Ed Miliband's promise to fix energy bills for 20 months if Labour win the 2015 election will remove some of the pressure that ordinary people across the country feel every day. Households are already paying £2bn more for their gas and electricity after the last hikes in November 2012. Now the energy companies are looking to add another £1.4bn onto bills this coming winter. This has added £300 to the average bill in this parliament. This cannot go on.
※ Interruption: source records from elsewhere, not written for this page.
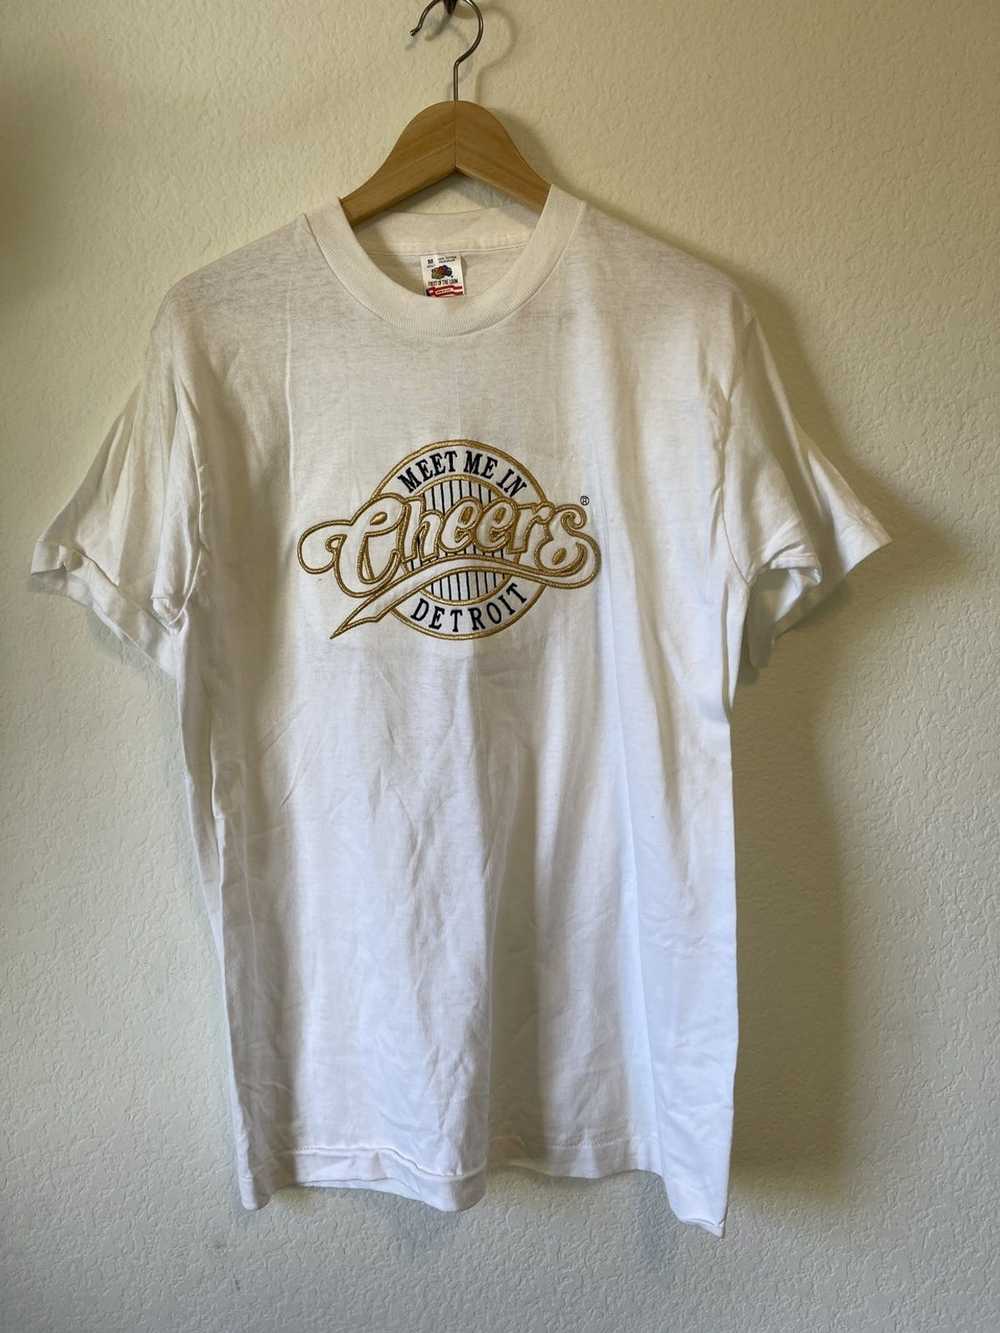 Vintage VNTG Cheers Motion Picture Shirt - image 2
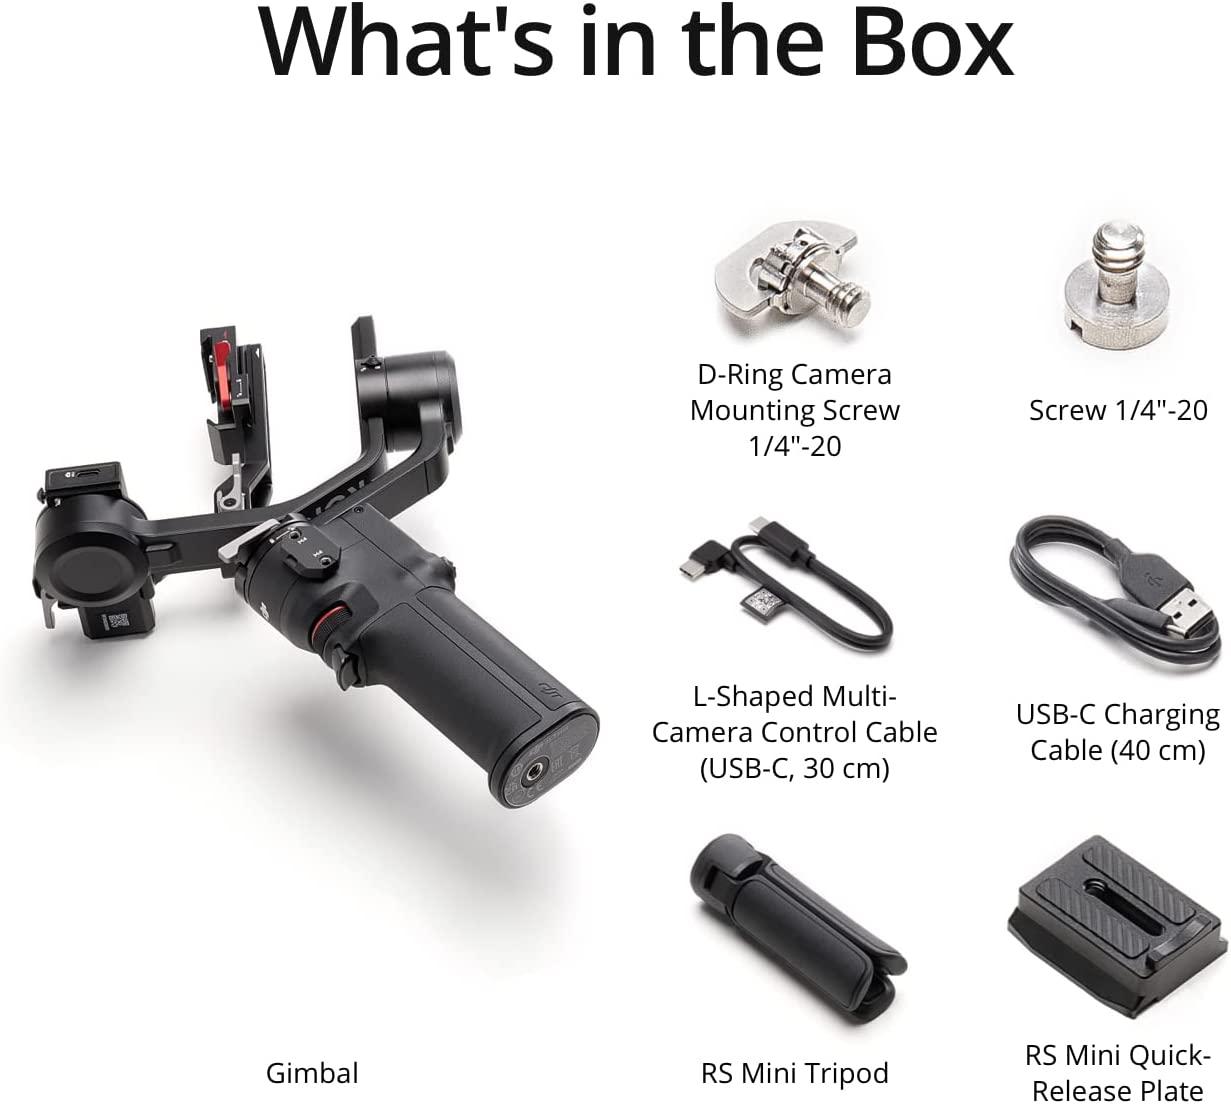 Buy DJI RS 3 Gimbal Stabilizer at Lowest Price in India
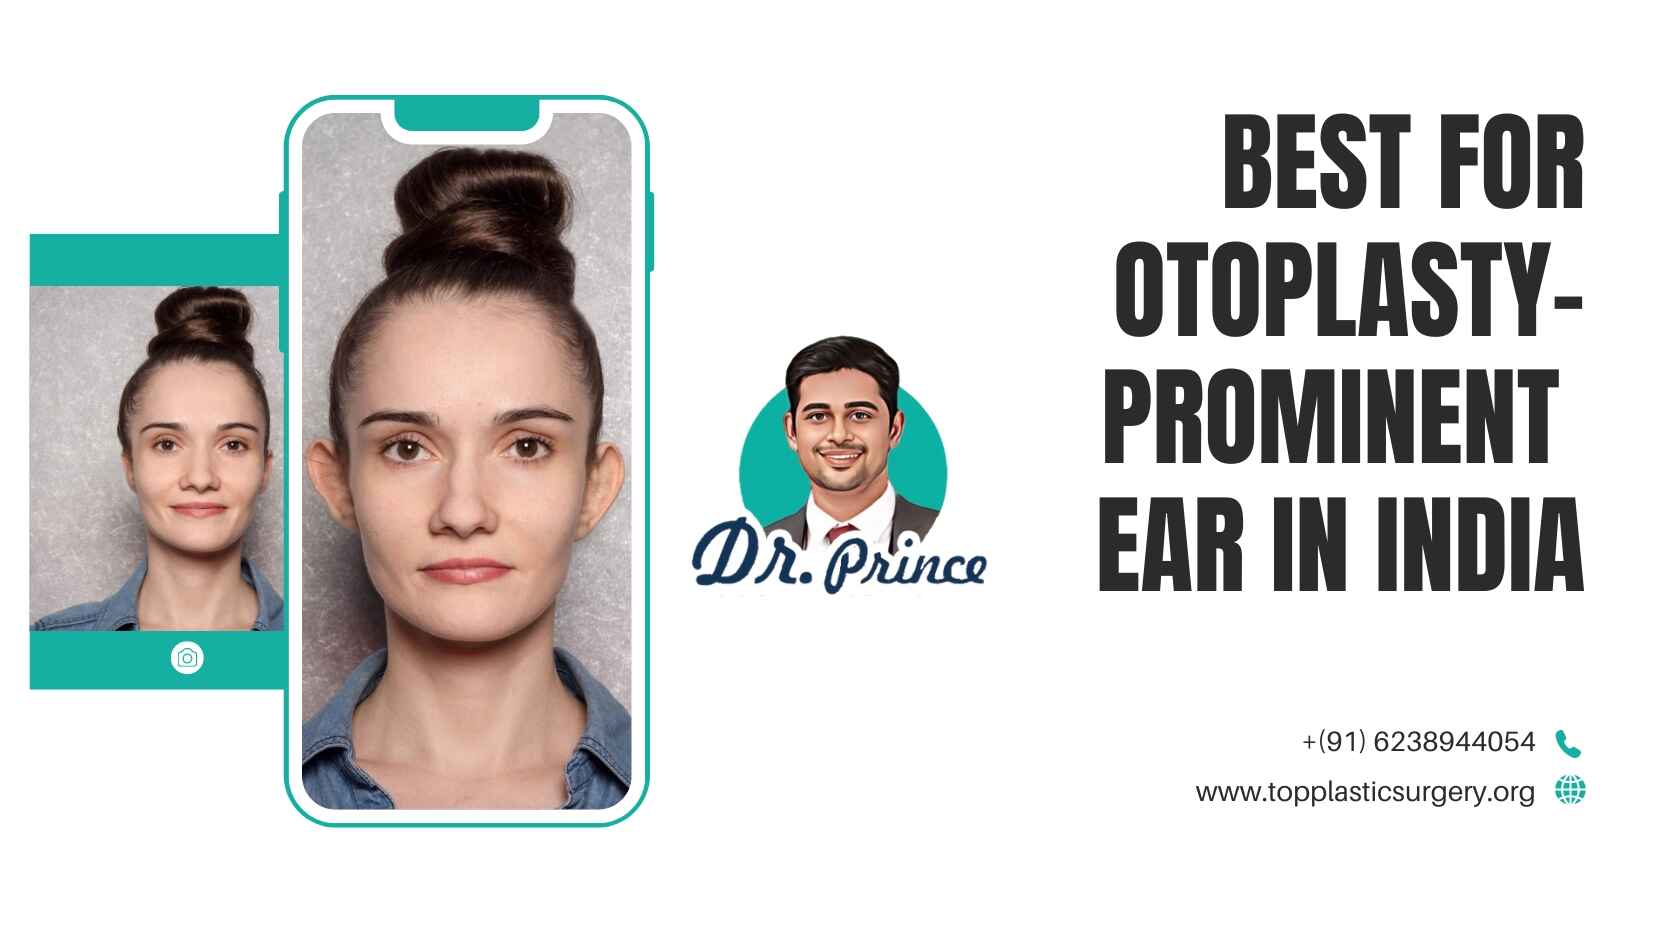 Dr. Prince specializes in otoplasty to correct prominent ears.
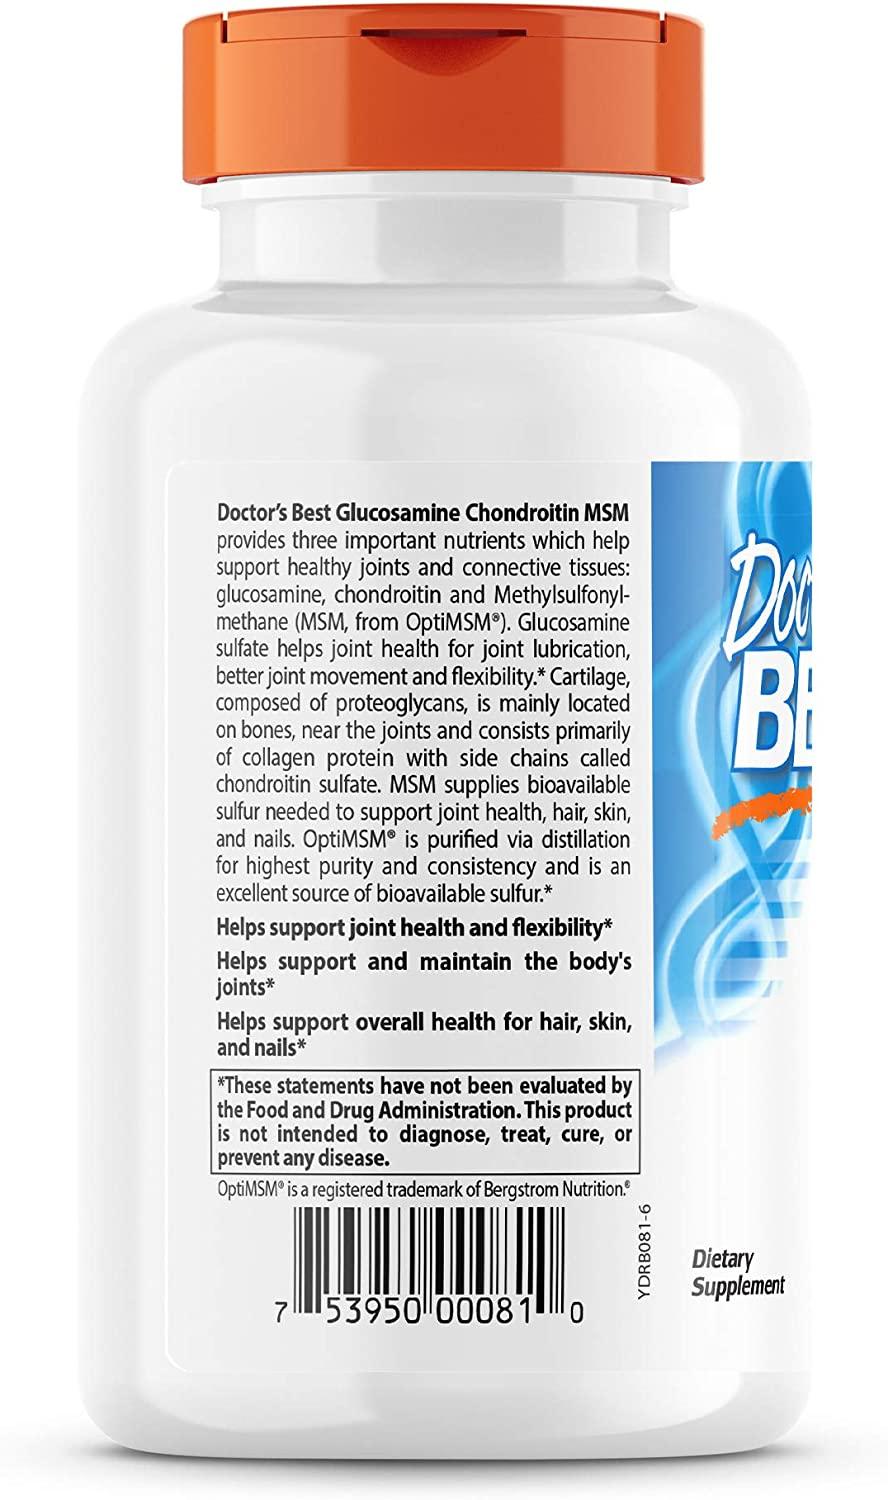 Doctors Best Glucosamine Chondroitin Msm With Optimsm Capsules Supports Healthy Joint

Immediately after Ed’s announcement, the usual shouts came that this was "meddling in the free market". "Back to the seventies" and "you can't beat supply and demand" echoed on. Let us put aside the fact that the average yearly growth in the 1970s, 2.88%, is more than the economy has grown in total since Quarter 3 2010. The energy market in this country is not a free market, it is a racket. Six multinational companies dominate, and in much of the country choice is reduced still further. These companies are now threatening blackouts if their profits are in any way challenged by an elected government. Were this a trade union threatening to plunge the country into darkness, Mr Cameron would be calling in the troops. Yet when it is time to challenge a private cartel about that classic seventies question, “who runs Britain?” this government is silent. 

Npower were first out of the traps on Tuesday, with their spokesman decrying these "easy answers", and that the "global market" would drive costs regardless of what they did. The biggest shareholders in Npower, or to give it its proper name Rheinisch-Westfälisches Elektrizitätswerk Npower plc, are a group of German towns and cities. In other words, the profits Npower extracts from the British people allow German municipalities to keep the rates down. The people of Middlesbrough are effectively paying rent to the people of Münster. It seems state intervention is acceptable when investing in your corporation, but bad when it seeks to limit your profits.

This confused attitude to the "free market" runs through all the "Big Six". Iberdrola, owners of Scottish Power, are kept liquid by €27bn in state backed loans and massive subsidies from the struggling Spanish government.  Both Centrica and Scottish and Southern Electric are receiving over £50m each in subsidies just for wind power. E.On’s decision whether or not to build a new biomass generator in Bristol was not dependent upon ‘market forces’, but how much tax-payer money the Department for Energy and Climate Change would promise it.

Perhaps the greatest example of state interference however is Électricité de France, EdF, controlled by the French state. They are the company that we are turning to to build a new generation of nuclear power stations. Britain, which built the first commercial nuclear generator in the world at Calder Hall, must now wait on the whim of the French President.

Has it really come to this? That a country once the workshop of the world relies on the French to build its power stations? On the Danes to forge its turbines? On Norwegian gas to keep our lights on? Is Britain a ‘third world’ country that it has to beg for foreign investment to upgrade its infrastructure?

I welcome companies from all around the world who want to set up shop in Britain. This nation gains greatly from international firms bringing their skills and expertise here, and we are richer for it. Our membership of the European Union and good working relationship with our European neighbours is a key part of this attraction. But those meetings must always be as equals, not as supplicants.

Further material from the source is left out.